На полу валялся пиджак. У телефона стоял зять Алик. Вместо "инфаркт" он кричал: "Кандагар! Саланг! Гиндукуш! Каранты!" Виктор Иванович отобрал у него трубку, объяснил все диспетчеру и назвал адрес. Он погрозил кулаком зятю Алику. Но вместо Алика стояла старушка-инженю. Она с тоской и смирением держала пиджак в руках. Алик, вытянув ноги, сидел на подзеркальнике.
- Сколько лет мы отдали пиджакам, - сказала старушка.
Пиджак шевельнулся. Старушка пискнула, как мышка, выпустила его из своих лапок и шустро выскочила в коридор. За ней выскочил Виктор Иванович. Алик вылетел. Красный, с натрепанными ушами.
Величественно выплыл пиджак. Он был раздут. Он звенел. Требовал почтения к себе. Угрожал чем-то жутким.
Коридор длинный-длинный - ось через весь дом, от торца до торца. Пол дощатый, крашеный. Блестит. В тридцатые годы архитекторы разработали эту ось как символ грядущего рая.
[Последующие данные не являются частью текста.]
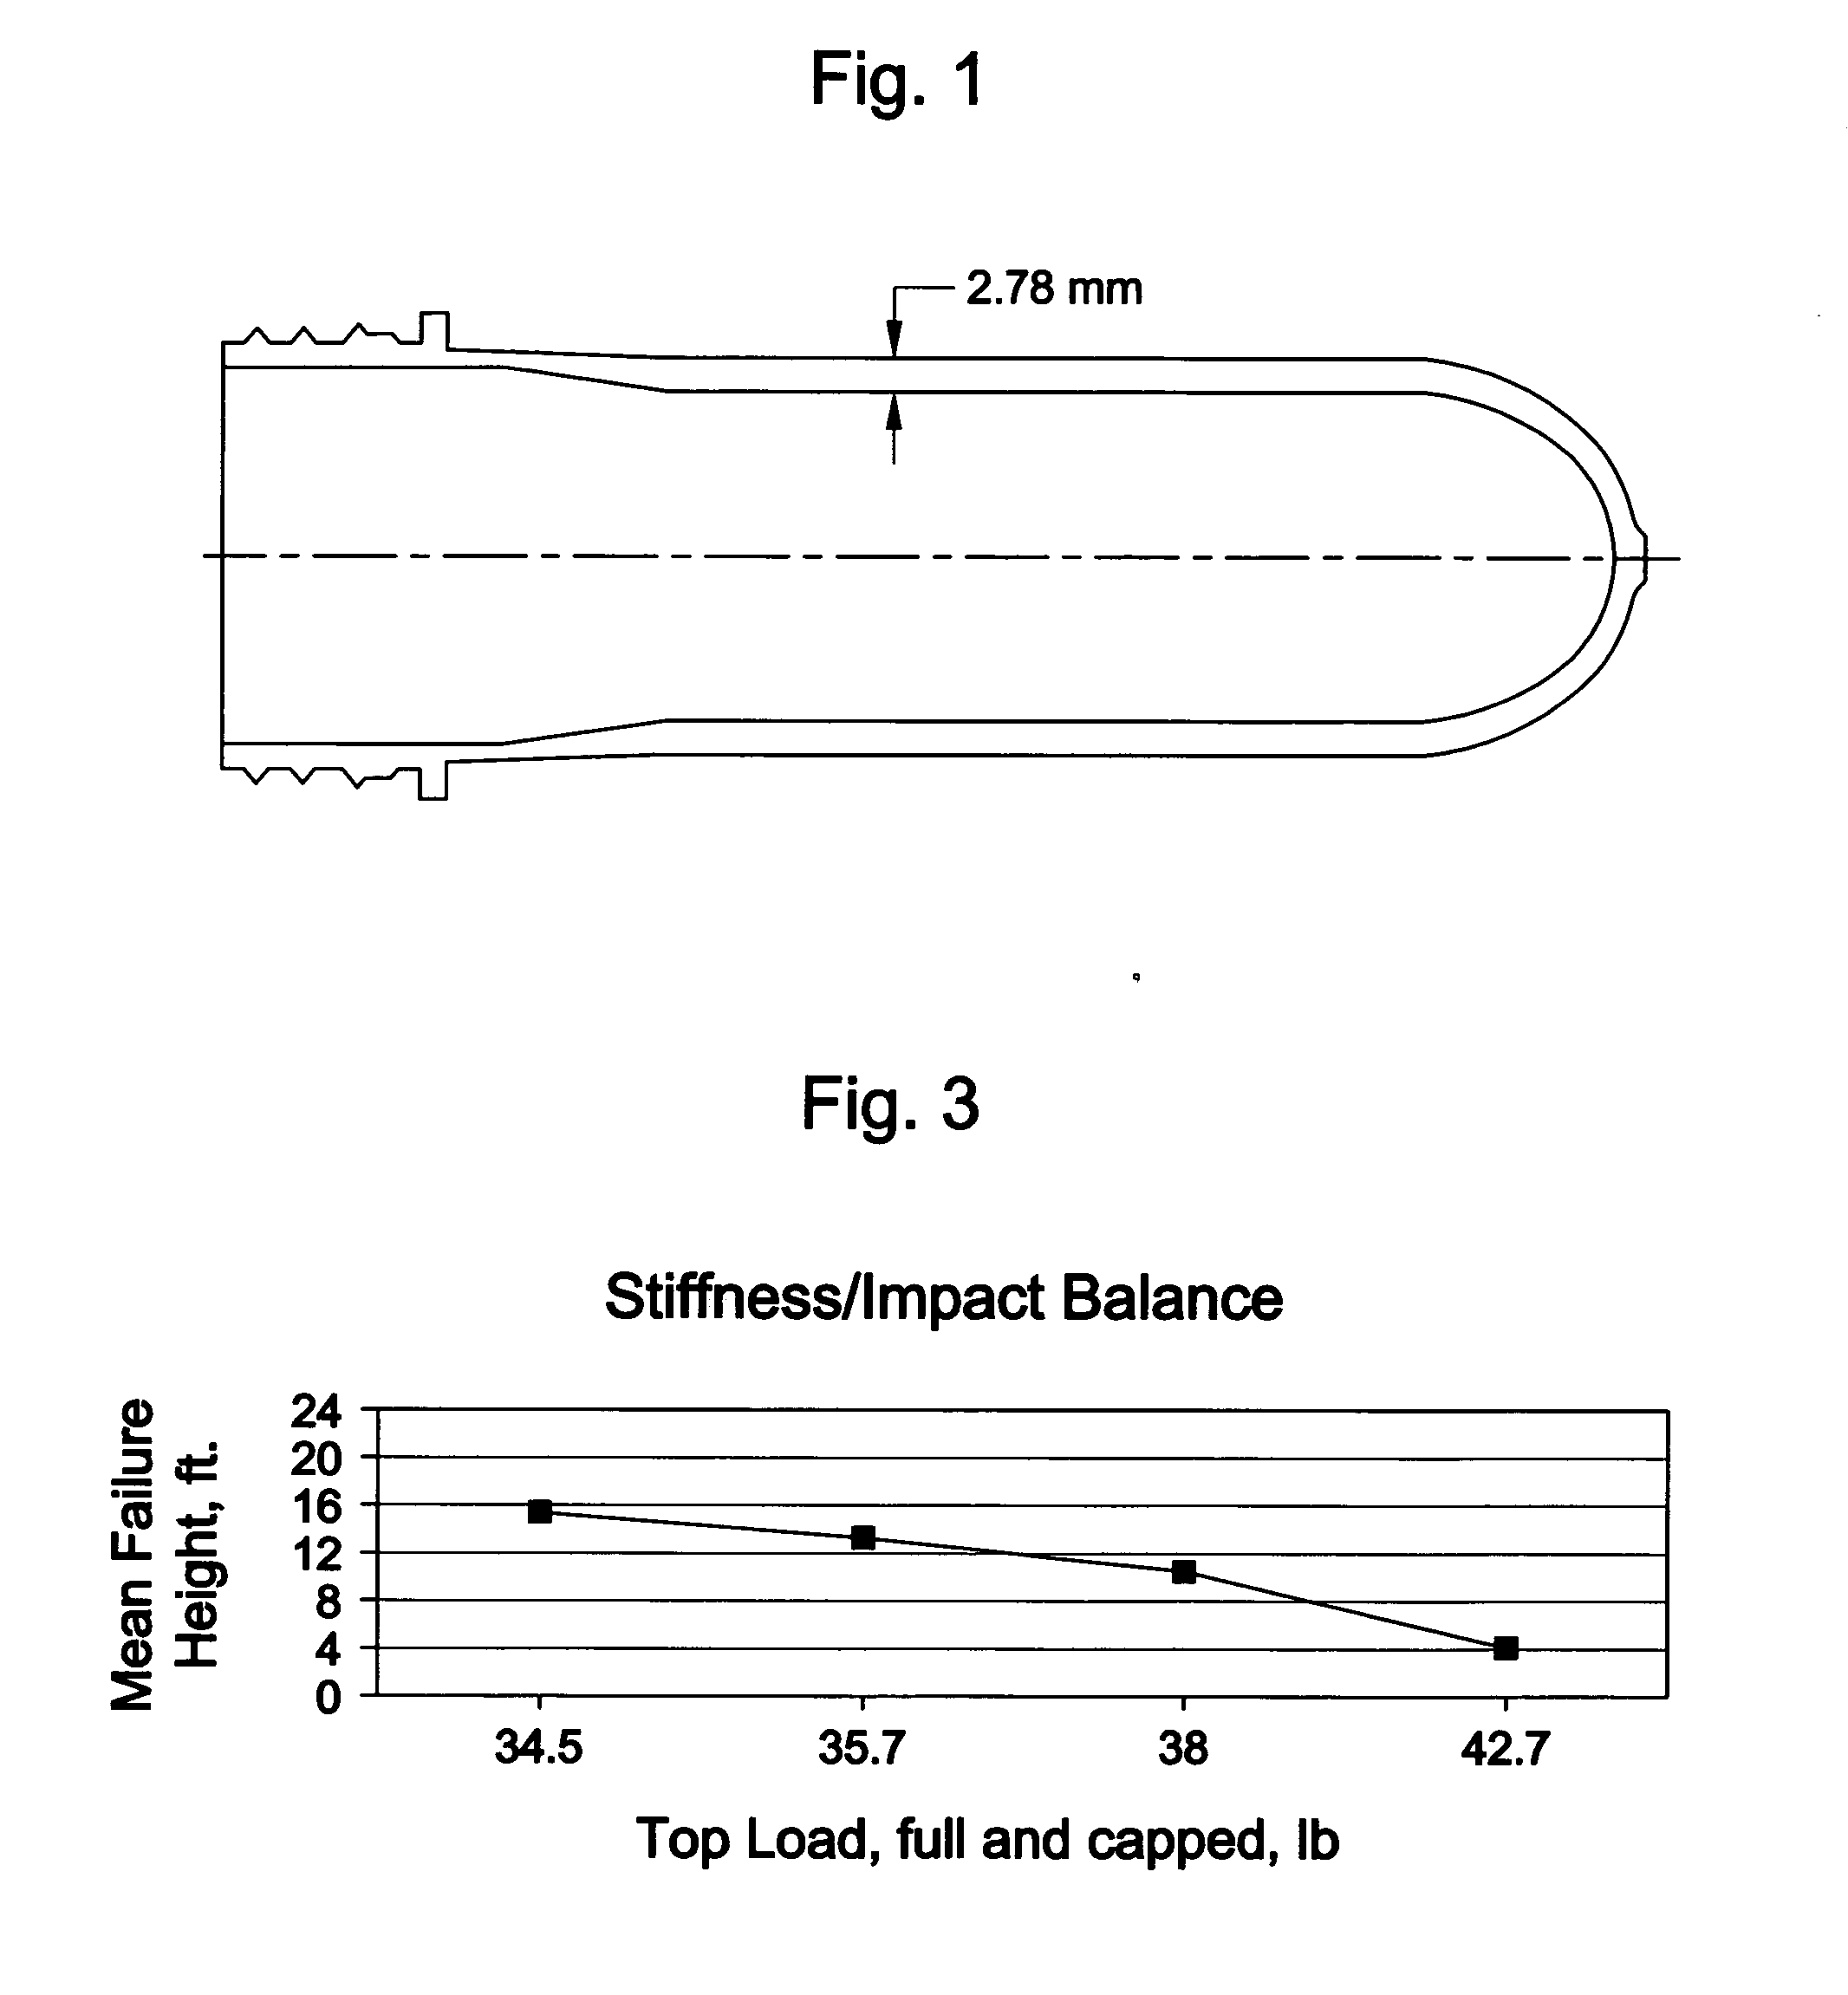 Methods for stretch blow molding polymeric articles

Старушка оттолкнула пиджак кулачком, выскользнула на лестницу. Пиджак надвинулся на Алика. Алик перепрыгнул его головой вперед с последующим кувырком. Помчался по коридору в противоположный торец. Пиджак надвинулся на Виктора Ивановича. Виктор Иванович поднырнул под него, касаясь пальцами пола, и побежал. Он видел, как Алик выскочил в окно.
Именно тогда он понял, как просто шагнуть с тридцать пятого этажа в спасительную пустоту. Там только вечность. Только свет. Только небо.
Он легко вспрыгнул на подоконник. Будь у него пистолет, как у сына Сережи, он выпустил бы всю обойму в пиджак. И... Смерти нет! Тем более для молодых. Есть мгновенный безболевой переход из жизни в послежизнь.
Под окном была куча песка. Именно в ней сидел Виктор Иванович. Песок был влажным. Мусорным. Зять Алик заворачивал за угол дома с криком: "Кандагар!" Над Виктором Ивановичем в окне второго этажа стояла Настя в отцовском пиджаке.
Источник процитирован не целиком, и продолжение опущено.